Under `data.output_dir/<model_name_sanitized>/` for single items (or per-id for batch):

- `<id>.pkl`: attention dict with `attn` tensor `[L, H, 1, V]` and `meta`
- `<id>_analysis.pkl`: ranked head list (top by spatial entropy)
- `<id>_topK.png`: image + top-K attention maps
- `<id>_mask.png`: binary pseudo-mask at image resolution
- `<id>_bbox.json`: bbox (xyxy), image size, and selected head details

`meta` includes: `image_file`, `query`, `model_name`, `image_size`, `vis_len`, `patch_size`, `num_layers`, `num_heads`, and optionally `generated_text` when `use_generate=true`.

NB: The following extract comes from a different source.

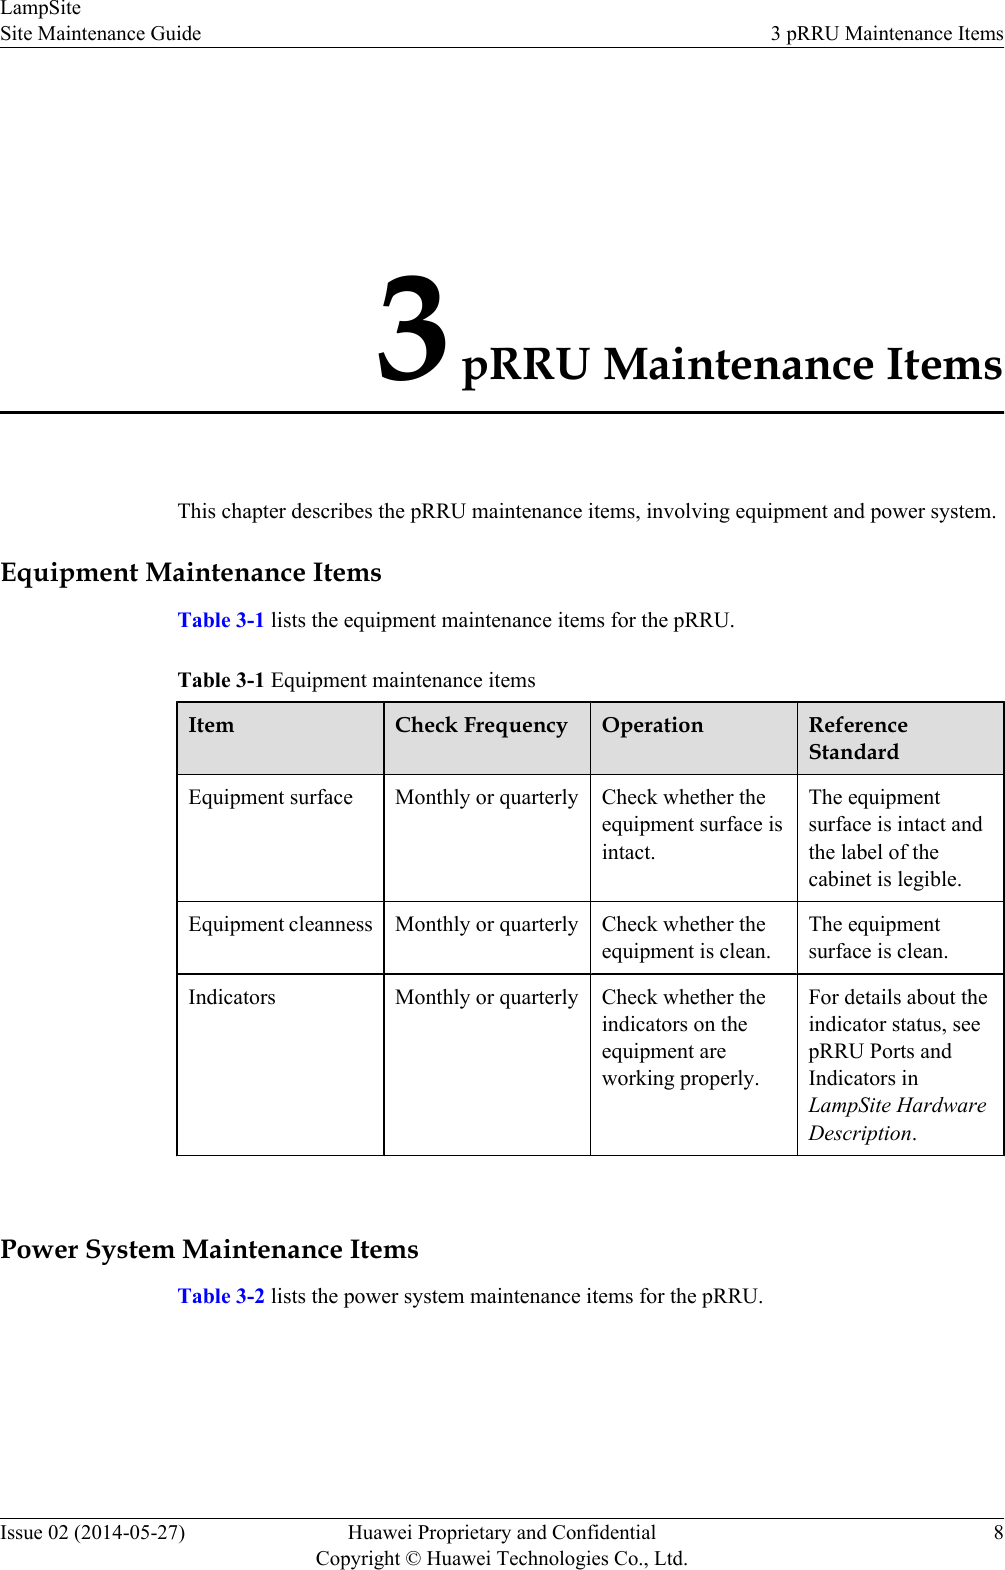 3 pRRU Maintenance ItemsThis chapter describes the pRRU maintenance items, involving equipment and power system.Equipment Maintenance ItemsTable 3-1 lists the equipment maintenance items for the pRRU.Table 3-1 Equipment maintenance itemsItem Check Frequency Operation ReferenceStandardEquipment surface Monthly or quarterly Check whether theequipment surface isintact.The equipmentsurface is intact andthe label of thecabinet is legible.Equipment cleanness Monthly or quarterly Check whether theequipment is clean.The equipmentsurface is clean.Indicators Monthly or quarterly Check whether theindicators on theequipment areworking properly.For details about theindicator status, seepRRU Ports andIndicators inLampSite HardwareDescription. Power System Maintenance ItemsTable 3-2 lists the power system maintenance items for the pRRU.LampSiteSite Maintenance Guide 3 pRRU Maintenance ItemsIssue 02 (2014-05-27) Huawei Proprietary and ConfidentialCopyright © Huawei Technologies Co., Ltd.8

## How Attention Is Collected

- Forward mode (default):
  - Call `model(..., output_attentions=True)`
  - Take the last token attention to visual token range: `[L, H, 1, V]`
- Generate mode (`model.use_generate=true`):
  - Call `generate(..., return_dict_in_generate=True, output_attentions=True)`
  - Use attentions from the first generated step (shape `[L, H, 1, src_len]`) sliced to visual tokens; falls back to forward if not present

## Repository Layout

```
.
├─ pipeline.py                 # Hydra entrypoint
├─ collector.py                # Attention collection (forward/generate)
├─ analyze.py                  # Elbow (value) + spatial entropy head selection
├─ bbox.py                     # Combine heads → mask → bbox
├─ viz.py                      # Image + top-K attention plots
├─ requirements.txt            # Minimal runtime dependencies
├─ conf/
│  ├─ config.yaml              # Hydra root
│  ├─ model/llava15_7b.yaml    # Model + runtime options
│  ├─ logic/selection_v1.yaml  # Head selection + post-processing
│  └─ data/local_examples.yaml # IO + batch options
├─ llava/                      # Minimal LLaVA components (no Transformers fork)
│  ├─ model/ ...               # Builder + vision tower wiring
│  ├─ conversation.py          # Prompt templates
│  ├─ constants.py             # Special tokens, log dir
│  └─ mm_utils.py              # Tokenization + image utils
├─ lab/                        # Lightweight stations (token segmentation metadata)
│  └─ stations.py
└─ examples/                   # Example images + JSONL
```

## Tips & Troubleshooting

- Eager attention: keep `use_flash_attn=false` so attention tensors are returned
- Cache directory: prefer `model.cache_dir`, which is passed to all `from_pretrained(...)` calls; env vars (`TRANSFORMERS_CACHE`, `HF_HOME`, `HF_HUB_CACHE`) are also set when provided
- If `hydra/job_logging: colorlog` not found, ensure `pip install hydra-colorlog`
- If you see memory errors, reduce image size, lower `top_k`, or try CPU for small tests

## License

This project is licensed under the MIT License - see the LICENSE file for details.